The International Speedway Corp. sued the City of Miami in August in an effort to stop the race. The suit is pending.

Jorge Luis Lopez, attorney with Steel Hector & Davis representing the speedway, said his client is challenging the city’s agreement with Raceworks. The suit argues negotiations were not open to the public, the city did not seek competitive bids before granting the license and did not follow state law on safety and environmental issues in areas used for street races, Mr. Lopez said.

"We want to protect our community investment in Homestead," he said, referring to the speedway, built in 1995 with taxpayer money. He said the Le Mans is scheduled two weeks before the Miami Grand Prix’s 20th anniversary race in Homestead.

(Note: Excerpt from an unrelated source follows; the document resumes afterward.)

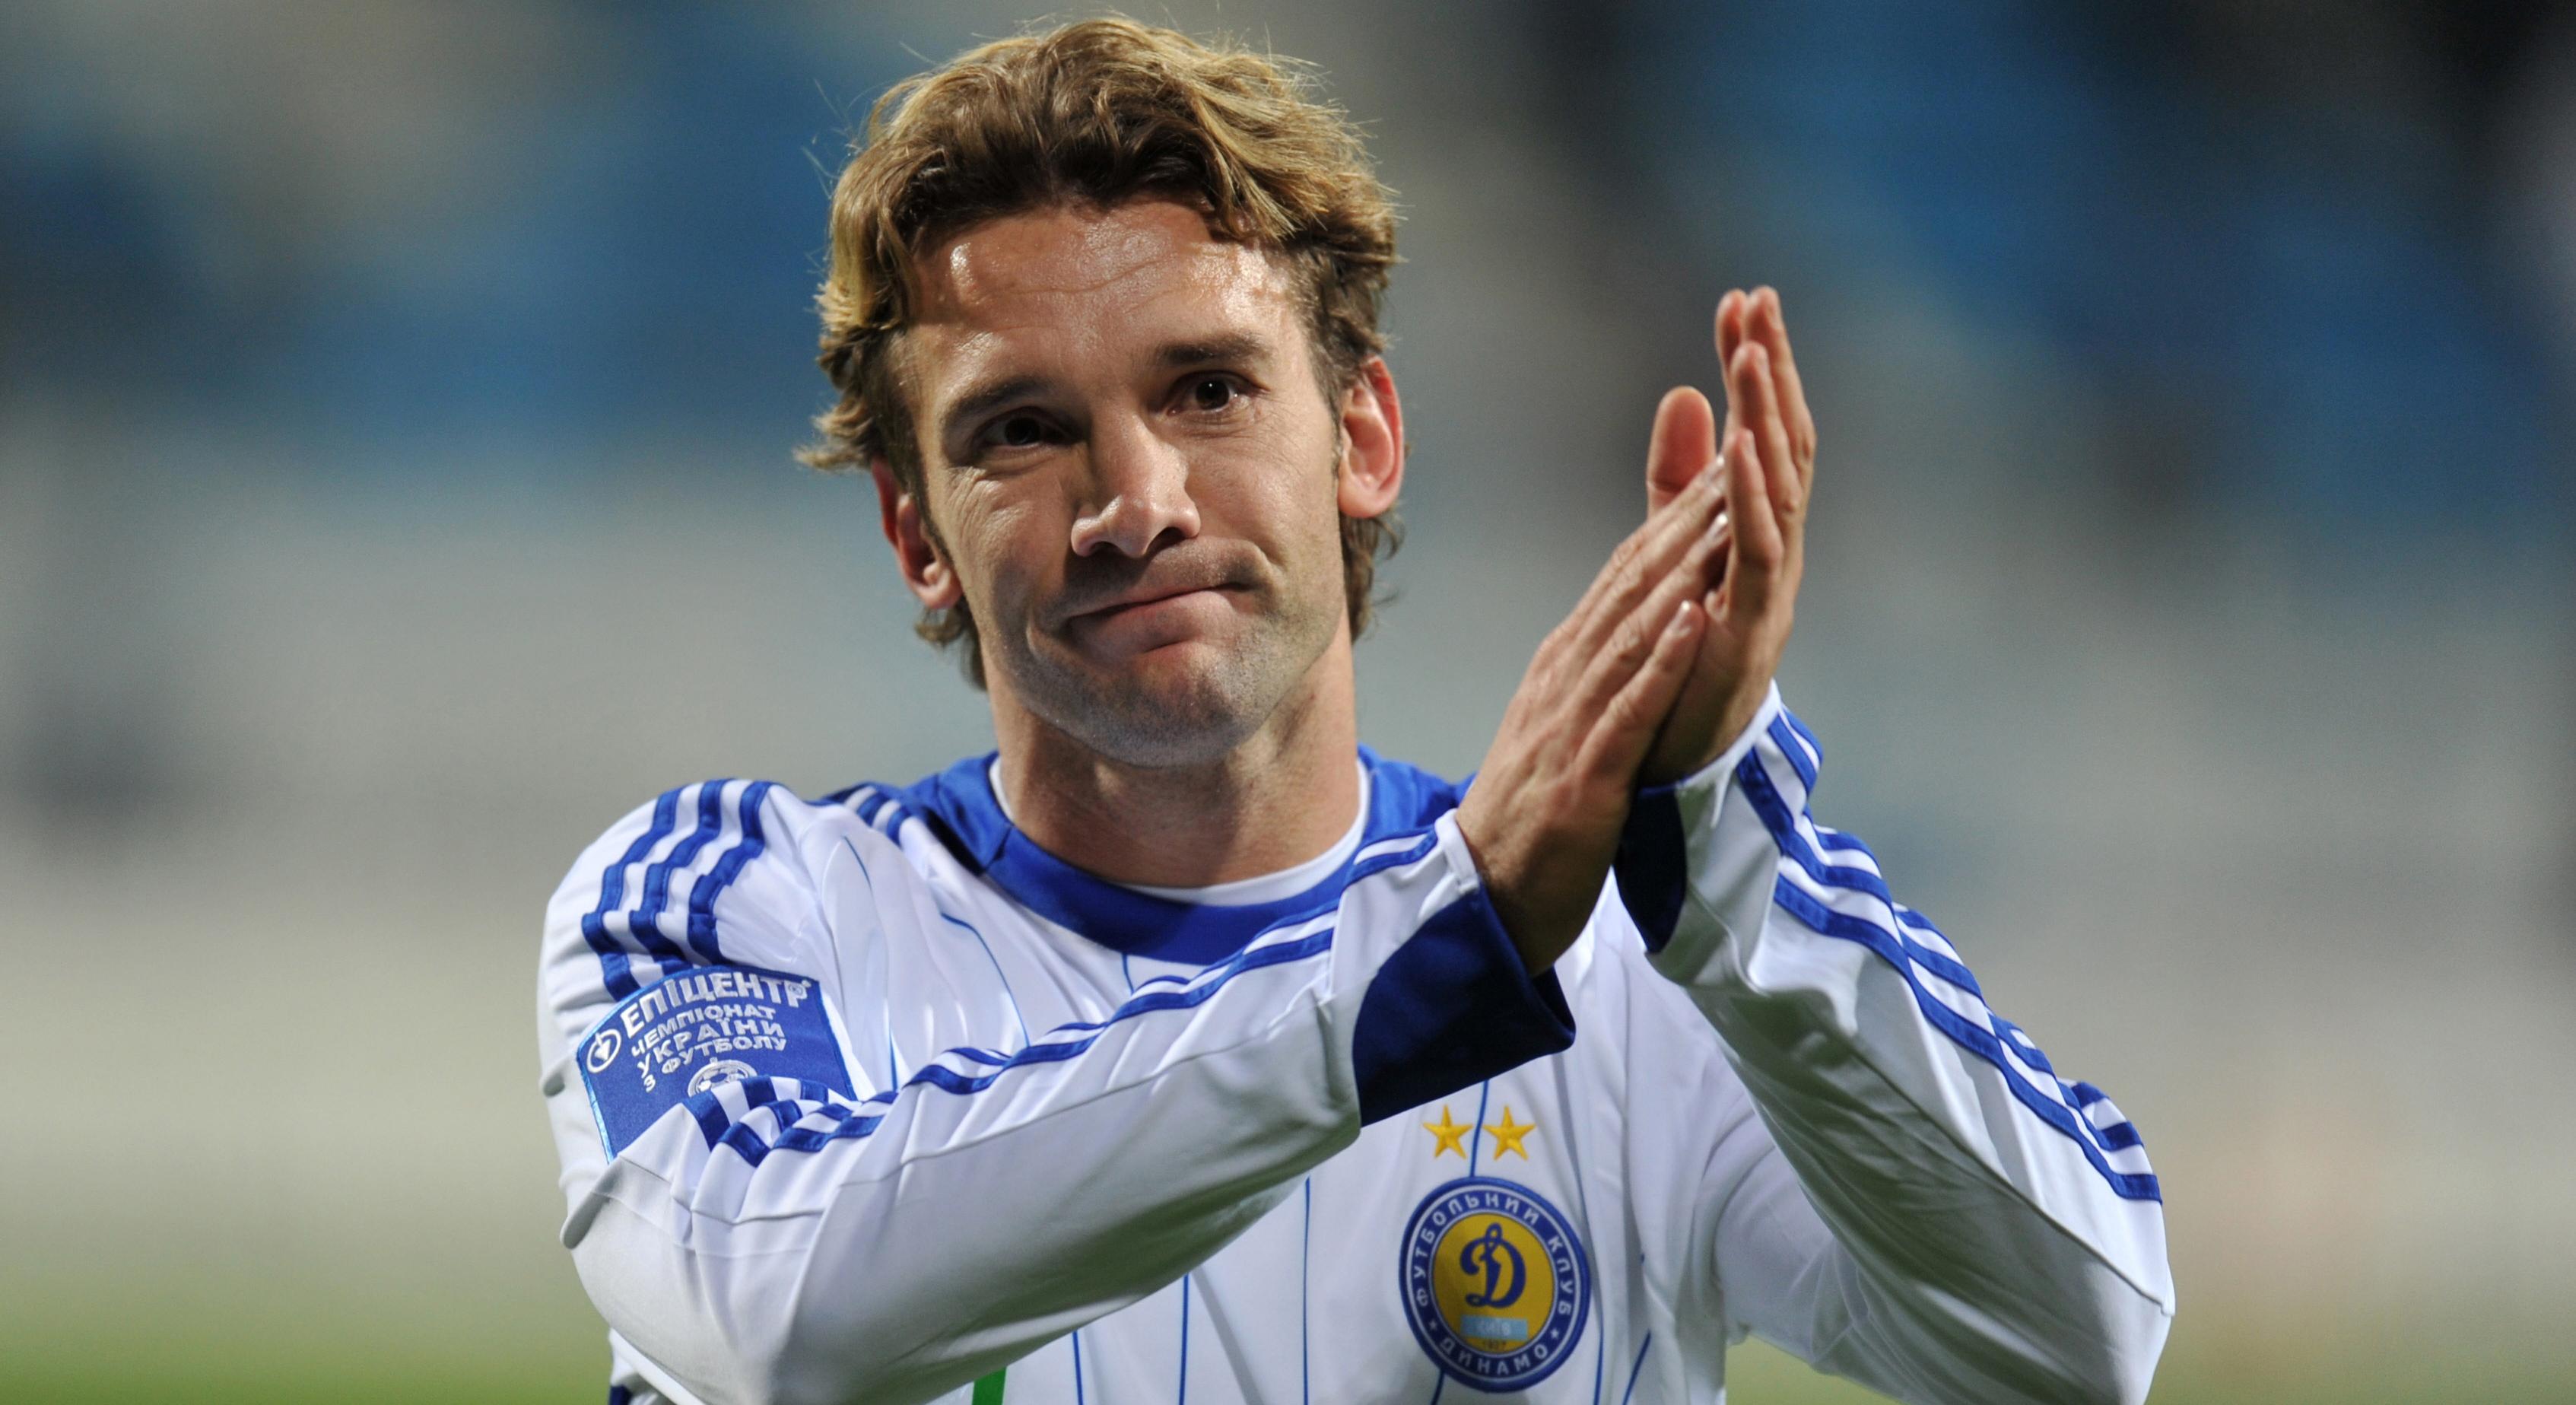 Andriy Shevchenko Dynamo Kyiv

"It will create confusion," he said.

Another hurdle that needs to be overcome soon is the issuing of permits to help the state approve the traffic detours and race route – which will run down Biscayne Boulevard and minor downtown streets.

Promoters are responsible for the $4.2 million in road improvements needed for the race, Frank Rollason, assistant city manager said, and need to hurry to prepare engineering plans for the 11/2 mile-long course.

Federal Aviation Administration restrictions on air space after the terrorism attacks delayed the shooting of aerial photos needed for the road plans, Mr. Bermello said, but he said he expected to get those blueprints in by the end of the week. He hopes to start road improvements by Jan. 3.

In the meantime, Raceworks is opening an office on Biscayne Boulevard and negotiating with sponsors. The firm is also trying to get the Miami Sports & Exhibition Authority to invest $4.2 million for capital improvements needed to stage the race.

Raceworks, with attorney Peter Yanowitch and legendary racer Emerson Fittipaldi as partners, would return that investment within seven years. Once that money is paid, the deal calls for the authority to retain a 10% stake in the race.

Ferey Kian, authority director of finance, said agency’s board was analyzing Raceworks’ proposal.

Event promoters expect to make $5.4 million in revenues the first year, Mr. Bermello said. He said the number is based on 43,000 spectators but he hopes to attract 75,000.